For the main event, Joanne had Dover Sole, the pride of the Cliffs of Dover. Now, Joanne knows a bit about this dish from dining at the best seafood restaurants in London, including SCOTT’S, J. SHEEKEY and BENTLEY’s. It’s always filleted tableside with restrained fanfare. The verdict? There wasn’t a dime’s worth of difference between the best in the world and The Grill’s iteration of Dover Sole.

In an ode to past menus and a tribute to Craig Claiborne, the New York Times restaurant critic of yesteryear, the restaurant has made Guinea Hen Claiborne a signature dish. Guinea hen meat is moister, firmer and leaner than chicken and has a slightly gamey flavor. One bite of this preparation – which marries braised endive with Madeira wine sauce, black truffles and foie gras – and you can see it can’t be consigned to history. Another blast from the past is Steak au Poivre, the classic French steak prepared with coarsely cracked black pepper, shallots, red wine, cognac, heavy cream and butter, butter, butter. Nothing can go wrong with that. Ditto for the Lobster à la Newburg. This version is very different from what my mother occasionally, on pay-day Friday, used to make with frozen baby shrimp and Kraft Cheez-Whiz over melba toast (all ingredients from the A & P). Who did it better, my mom or The Grill? I can’t say.

Another dish that, thank God, was also carried over from the past: Triple Lamb Chops with yogurt, brushed with curry oil (mint jelly served alongside). Thick slices of Roasted Venison in Cumberland Sauce were adorned with chopped walnuts and countered with a mound of huckleberry jam.      

Not for everybody…the pastry-encrusted Scottish Wood Pigeon Pie. Some folks call it squab, but it’s really just pigeon. I suspect there’s an aversion to the idea of eating feral pigeons off the city sidewalks. Are they rats with wings? Or a haute delicacy? The Grill’s version, as I recall, went something like this: breast of pigeon encased in puff pastry along with mushrooms, ruby port wine, heavy cream and butter. We didn’t try it, but I will…next time.

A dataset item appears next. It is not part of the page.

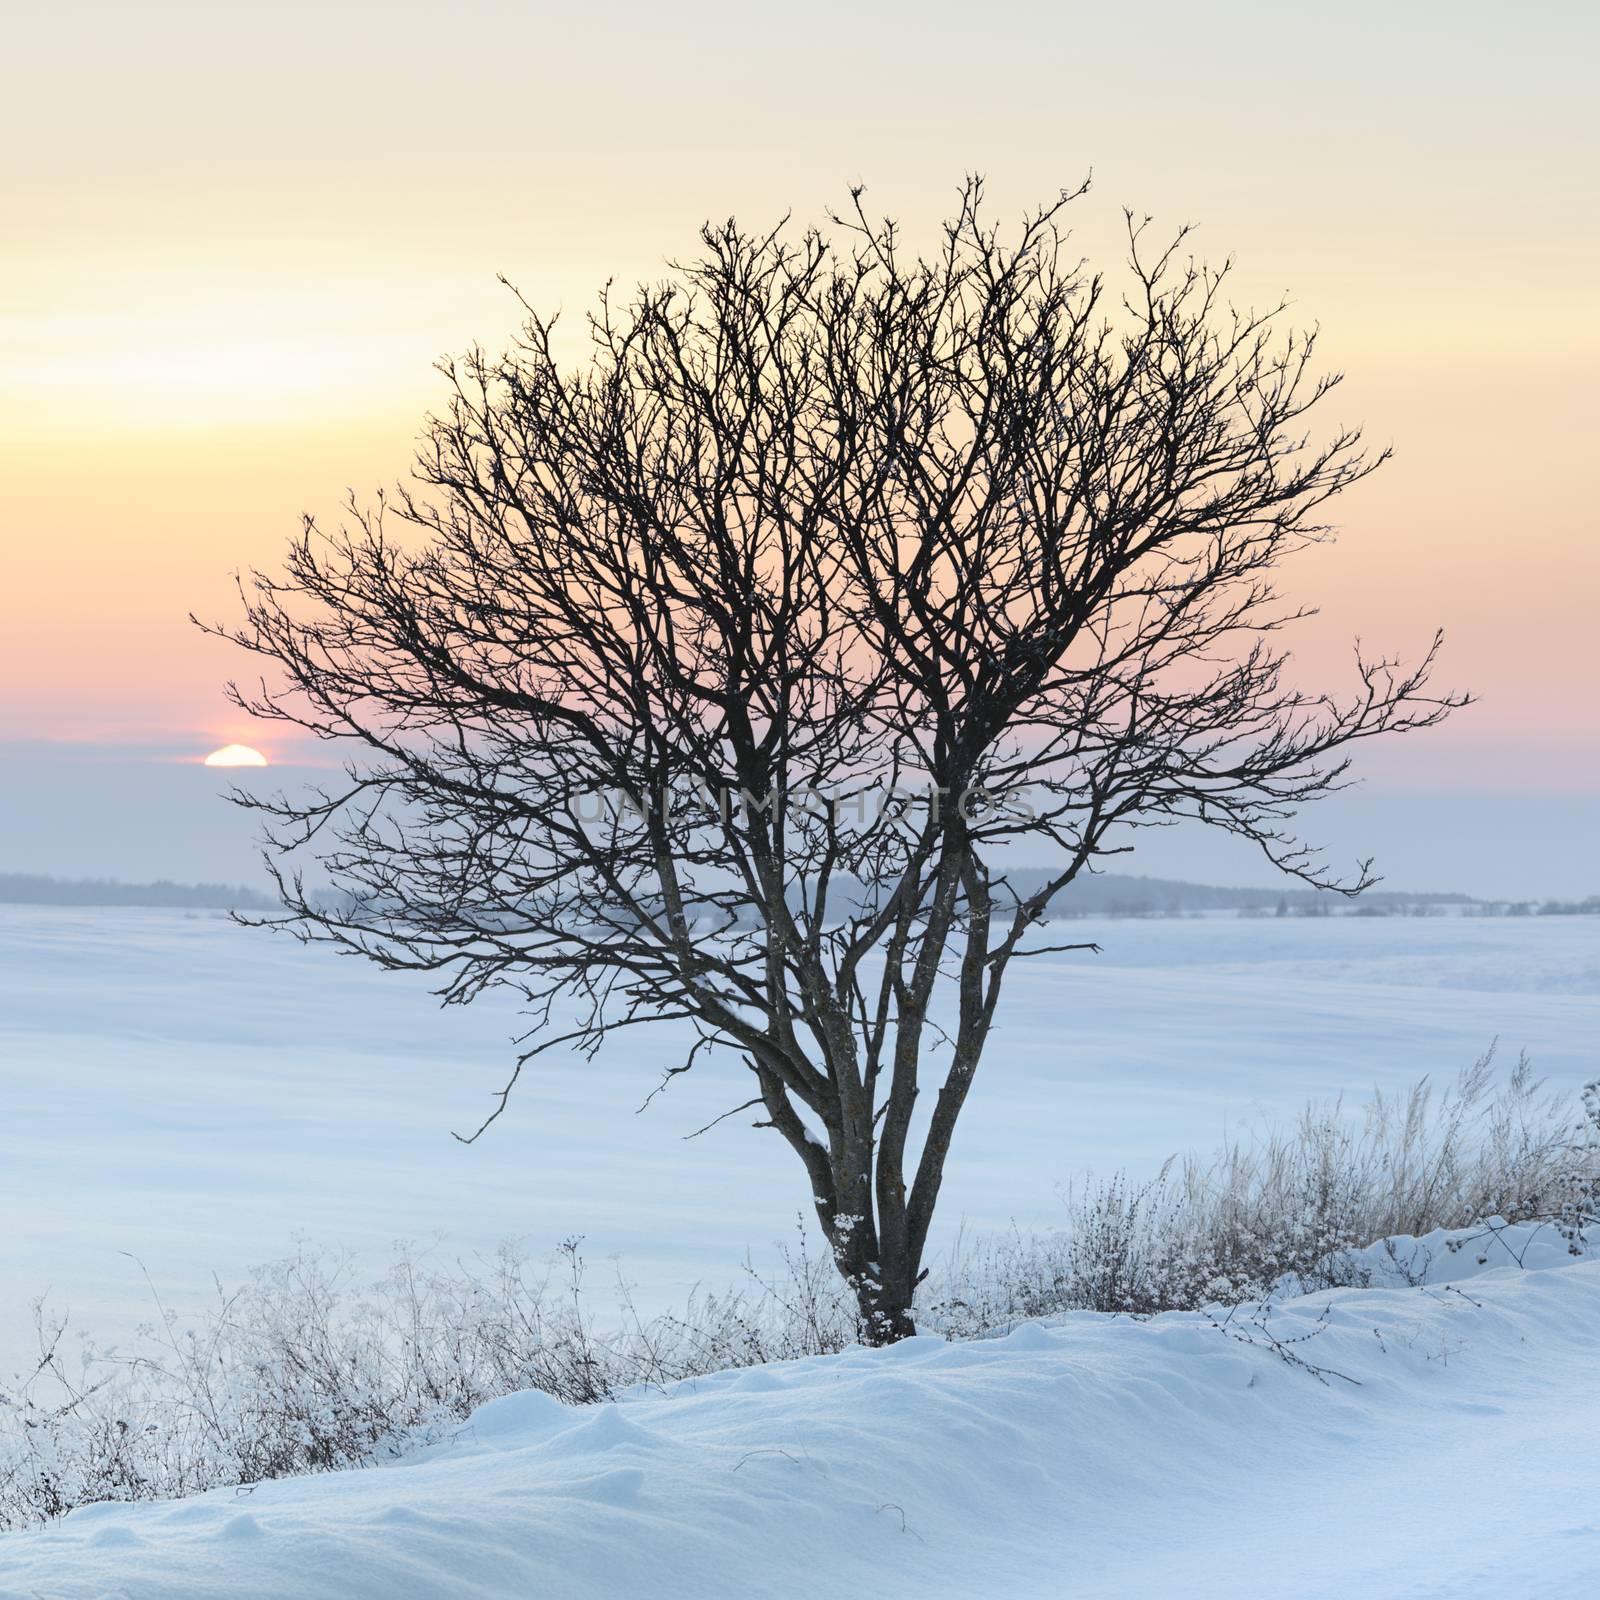 Tree in a field in winter, lovely frosty day

Alas, my ever-curious sweet – and utterly cost-oblivious – granddaughter could not resist the gleaming $35-40,000 French Christophle silver meat trolley that kept gliding by us. When it eventually cruised up to our table, would the young lady indulge in the Hand-Carved Salt-Crusted Prime Rib from the rolling gueridon? OF COURSE SHE DID.

Aside from the rather predictable chop house sides, including cottage fries and asparagus, there were two offerings that did surprise. Broccoli Chinois featured tiny morsels of broccoli with ginger, garlic, chopped scallion tops and seitan – a sort of firm, spongy, Chinese wheat gluten that absorbs the flavors that surround it. The other side dish, an artful and tasty Baby Corn Picalili, was a mustardy, tart and snappy British interpretation of a pickle relish. It stood up well to strongly flavored foods.

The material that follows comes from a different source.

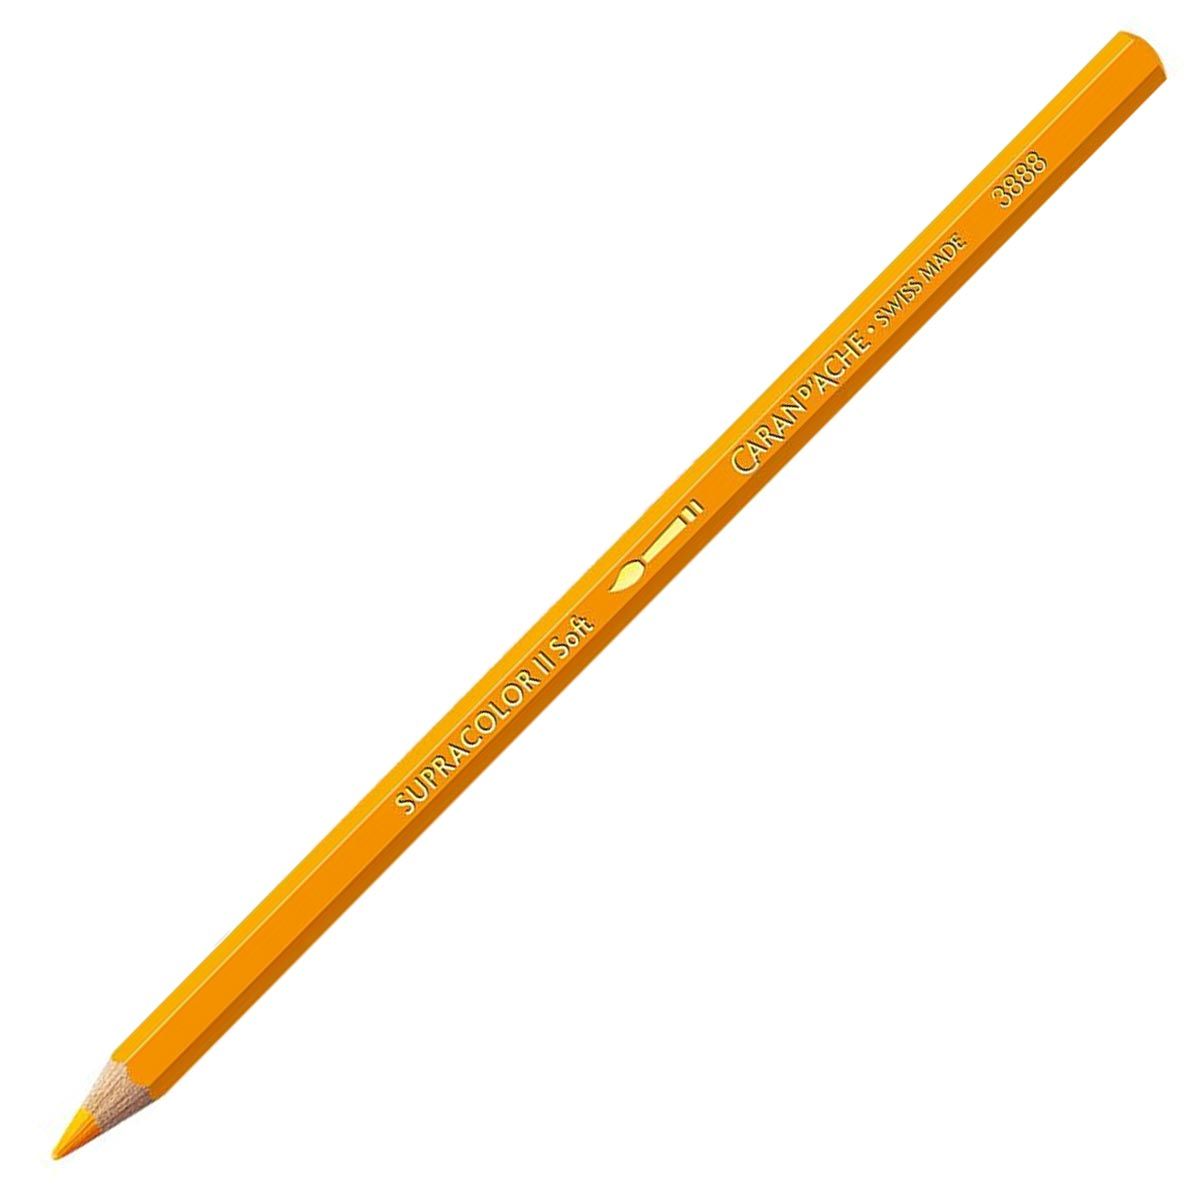 Caran d'Ache Supracolor ll Soft Aquarelle Pencil - Golden Yellow 020

Stephanie Prida is the pastry chef at The Grill, and from what our table experienced, she is a rock star. Our dessert parade began with a graceful champion from the previous Grill Room – Lemon Chiffon Cake. We also devoured a subtle, sweet and gooey German Chocolate Cake. (Fun fact: German Chocolate Cake is not named after the country of Germany, but rather its creator, Samuel German, who in 1885 was a pastry chef for the Baker’s Chocolate company in Dorchester, Massachusetts). Another star dessert was the Zucchini Cake. Yeah, it tastes a lot like a really good rendition of a moist carrot cake, but boy, it was a LOOKER.

A pleasant and final surprise to me were the crullers. Yeah, CRULLERS. You don’t see them much in the Midwest.  Unlike donuts, French crullers are made with pâte à choux pastry dough instead of yeast dough. Like profiteroles, which are made from the same dough, they’re light and airy, crispy on the outside and delicate on the inside. But Stephanie Prida takes them to a whole new realm, branding and decorating the crullers in various ways. Among the offerings we sampled were Moka (espresso frosted and laminated with toasted hazelnuts), Key Lime Pie (citrusy, sweet, tropical and tart, with a torched meringue medallion on top), and various chocolate crullers, the king of which is the Chocolate Blackout. Eat at your own risk. Hazards include weight gain, tooth decay, sleep disturbances and, in rare cases, donkey fever. Through caution to the wind and order them should you visit The Grill Room. THEY’RE NOT TO BE MISSED.

Okay, that’s it.

The Grill is expensive – somewhere between “Ye Gads” and “Are You F****** Nuts.”

But the food is EXCELLENT.  The service is PERFECT. And the dining room? Buzzy and SPECTACULAR.

So….is The Grill back?

Oh, yeah, Baby. IT’S BACK.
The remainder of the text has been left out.